== Segment start ==

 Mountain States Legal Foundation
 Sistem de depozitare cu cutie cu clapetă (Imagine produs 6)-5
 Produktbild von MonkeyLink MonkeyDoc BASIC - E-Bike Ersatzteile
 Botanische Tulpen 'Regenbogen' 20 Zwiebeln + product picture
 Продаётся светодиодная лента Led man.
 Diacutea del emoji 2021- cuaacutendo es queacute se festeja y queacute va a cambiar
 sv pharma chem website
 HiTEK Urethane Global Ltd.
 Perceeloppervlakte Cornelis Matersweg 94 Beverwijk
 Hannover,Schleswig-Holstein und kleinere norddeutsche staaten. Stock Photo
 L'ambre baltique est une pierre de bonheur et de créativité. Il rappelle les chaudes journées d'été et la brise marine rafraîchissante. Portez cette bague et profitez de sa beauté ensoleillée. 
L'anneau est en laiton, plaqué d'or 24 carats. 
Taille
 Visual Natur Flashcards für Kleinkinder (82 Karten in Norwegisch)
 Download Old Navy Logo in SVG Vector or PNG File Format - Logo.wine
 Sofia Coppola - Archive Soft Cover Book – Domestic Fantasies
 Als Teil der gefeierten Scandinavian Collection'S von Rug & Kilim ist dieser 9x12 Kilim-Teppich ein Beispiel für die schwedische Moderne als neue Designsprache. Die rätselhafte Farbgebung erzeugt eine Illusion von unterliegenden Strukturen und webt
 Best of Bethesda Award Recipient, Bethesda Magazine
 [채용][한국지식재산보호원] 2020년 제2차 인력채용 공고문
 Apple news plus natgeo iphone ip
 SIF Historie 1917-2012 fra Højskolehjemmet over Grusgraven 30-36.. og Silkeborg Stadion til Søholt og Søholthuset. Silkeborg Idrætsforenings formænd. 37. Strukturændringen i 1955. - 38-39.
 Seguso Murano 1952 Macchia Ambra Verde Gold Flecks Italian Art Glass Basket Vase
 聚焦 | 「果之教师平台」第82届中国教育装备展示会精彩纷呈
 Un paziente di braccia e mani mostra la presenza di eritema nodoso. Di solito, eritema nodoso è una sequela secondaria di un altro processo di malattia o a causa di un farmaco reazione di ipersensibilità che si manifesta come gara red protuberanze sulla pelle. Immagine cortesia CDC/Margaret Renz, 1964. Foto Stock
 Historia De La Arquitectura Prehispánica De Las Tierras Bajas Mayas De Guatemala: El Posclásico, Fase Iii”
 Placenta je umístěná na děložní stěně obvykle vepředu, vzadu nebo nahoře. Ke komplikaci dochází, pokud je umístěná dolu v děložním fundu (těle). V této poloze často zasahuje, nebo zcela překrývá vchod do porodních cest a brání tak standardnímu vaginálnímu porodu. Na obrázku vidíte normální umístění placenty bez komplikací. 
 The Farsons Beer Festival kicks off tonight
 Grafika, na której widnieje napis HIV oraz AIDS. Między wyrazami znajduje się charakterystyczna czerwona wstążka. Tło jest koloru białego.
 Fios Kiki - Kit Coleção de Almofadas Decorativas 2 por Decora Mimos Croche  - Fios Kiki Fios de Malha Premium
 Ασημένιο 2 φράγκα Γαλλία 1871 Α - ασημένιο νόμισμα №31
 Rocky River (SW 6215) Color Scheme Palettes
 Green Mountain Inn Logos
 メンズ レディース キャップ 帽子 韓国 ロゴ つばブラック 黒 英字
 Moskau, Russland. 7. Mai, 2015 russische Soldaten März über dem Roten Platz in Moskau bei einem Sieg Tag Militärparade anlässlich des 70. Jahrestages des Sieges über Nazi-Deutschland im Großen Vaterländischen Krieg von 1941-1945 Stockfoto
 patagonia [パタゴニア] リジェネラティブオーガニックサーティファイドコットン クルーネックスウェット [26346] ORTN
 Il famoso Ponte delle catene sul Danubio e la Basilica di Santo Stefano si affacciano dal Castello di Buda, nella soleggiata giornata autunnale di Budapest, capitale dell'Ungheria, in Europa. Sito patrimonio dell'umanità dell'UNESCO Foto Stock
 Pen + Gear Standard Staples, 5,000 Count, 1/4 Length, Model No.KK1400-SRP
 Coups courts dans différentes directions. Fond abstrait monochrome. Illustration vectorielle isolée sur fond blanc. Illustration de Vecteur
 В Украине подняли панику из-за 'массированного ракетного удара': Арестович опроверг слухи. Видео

== Segment end ==

From the data above, copy each line exactly.

 Mountain States Legal Foundation
 Sistem de depozitare cu cutie cu clapetă (Imagine produs 6)-5
 Produktbild von MonkeyLink MonkeyDoc BASIC - E-Bike Ersatzteile
 Botanische Tulpen 'Regenbogen' 20 Zwiebeln + product picture
 Продаётся светодиодная лента Led man.
 Diacutea del emoji 2021- cuaacutendo es queacute se festeja y queacute va a cambiar
 sv pharma chem website
 HiTEK Urethane Global Ltd.
 Perceeloppervlakte Cornelis Matersweg 94 Beverwijk
 Hannover,Schleswig-Holstein und kleinere norddeutsche staaten. Stock Photo
 L'ambre baltique est une pierre de bonheur et de créativité. Il rappelle les chaudes journées d'été et la brise marine rafraîchissante. Portez cette bague et profitez de sa beauté ensoleillée. 
L'anneau est en laiton, plaqué d'or 24 carats. 
Taille
 Visual Natur Flashcards für Kleinkinder (82 Karten in Norwegisch)
 Download Old Navy Logo in SVG Vector or PNG File Format - Logo.wine
 Sofia Coppola - Archive Soft Cover Book – Domestic Fantasies
 Als Teil der gefeierten Scandinavian Collection'S von Rug & Kilim ist dieser 9x12 Kilim-Teppich ein Beispiel für die schwedische Moderne als neue Designsprache. Die rätselhafte Farbgebung erzeugt eine Illusion von unterliegenden Strukturen und webt
 Best of Bethesda Award Recipient, Bethesda Magazine
 [채용][한국지식재산보호원] 2020년 제2차 인력채용 공고문
 Apple news plus natgeo iphone ip
 SIF Historie 1917-2012 fra Højskolehjemmet over Grusgraven 30-36.. og Silkeborg Stadion til Søholt og Søholthuset. Silkeborg Idrætsforenings formænd. 37. Strukturændringen i 1955. - 38-39.
 Seguso Murano 1952 Macchia Ambra Verde Gold Flecks Italian Art Glass Basket Vase
 聚焦 | 「果之教师平台」第82届中国教育装备展示会精彩纷呈
 Un paziente di braccia e mani mostra la presenza di eritema nodoso. Di solito, eritema nodoso è una sequela secondaria di un altro processo di malattia o a causa di un farmaco reazione di ipersensibilità che si manifesta come gara red protuberanze sulla pelle. Immagine cortesia CDC/Margaret Renz, 1964. Foto Stock
 Historia De La Arquitectura Prehispánica De Las Tierras Bajas Mayas De Guatemala: El Posclásico, Fase Iii”
 Placenta je umístěná na děložní stěně obvykle vepředu, vzadu nebo nahoře. Ke komplikaci dochází, pokud je umístěná dolu v děložním fundu (těle). V této poloze často zasahuje, nebo zcela překrývá vchod do porodních cest a brání tak standardnímu vaginálnímu porodu. Na obrázku vidíte normální umístění placenty bez komplikací. 
 The Farsons Beer Festival kicks off tonight
 Grafika, na której widnieje napis HIV oraz AIDS. Między wyrazami znajduje się charakterystyczna czerwona wstążka. Tło jest koloru białego.
 Fios Kiki - Kit Coleção de Almofadas Decorativas 2 por Decora Mimos Croche  - Fios Kiki Fios de Malha Premium
 Ασημένιο 2 φράγκα Γαλλία 1871 Α - ασημένιο νόμισμα №31
 Rocky River (SW 6215) Color Scheme Palettes
 Green Mountain Inn Logos
 メンズ レディース キャップ 帽子 韓国 ロゴ つばブラック 黒 英字
 Moskau, Russland. 7. Mai, 2015 russische Soldaten März über dem Roten Platz in Moskau bei einem Sieg Tag Militärparade anlässlich des 70. Jahrestages des Sieges über Nazi-Deutschland im Großen Vaterländischen Krieg von 1941-1945 Stockfoto
 patagonia [パタゴニア] リジェネラティブオーガニックサーティファイドコットン クルーネックスウェット [26346] ORTN
 Il famoso Ponte delle catene sul Danubio e la Basilica di Santo Stefano si affacciano dal Castello di Buda, nella soleggiata giornata autunnale di Budapest, capitale dell'Ungheria, in Europa. Sito patrimonio dell'umanità dell'UNESCO Foto Stock
 Pen + Gear Standard Staples, 5,000 Count, 1/4 Length, Model No.KK1400-SRP
 Coups courts dans différentes directions. Fond abstrait monochrome. Illustration vectorielle isolée sur fond blanc. Illustration de Vecteur
 В Украине подняли панику из-за 'массированного ракетного удара': Арестович опроверг слухи. Видео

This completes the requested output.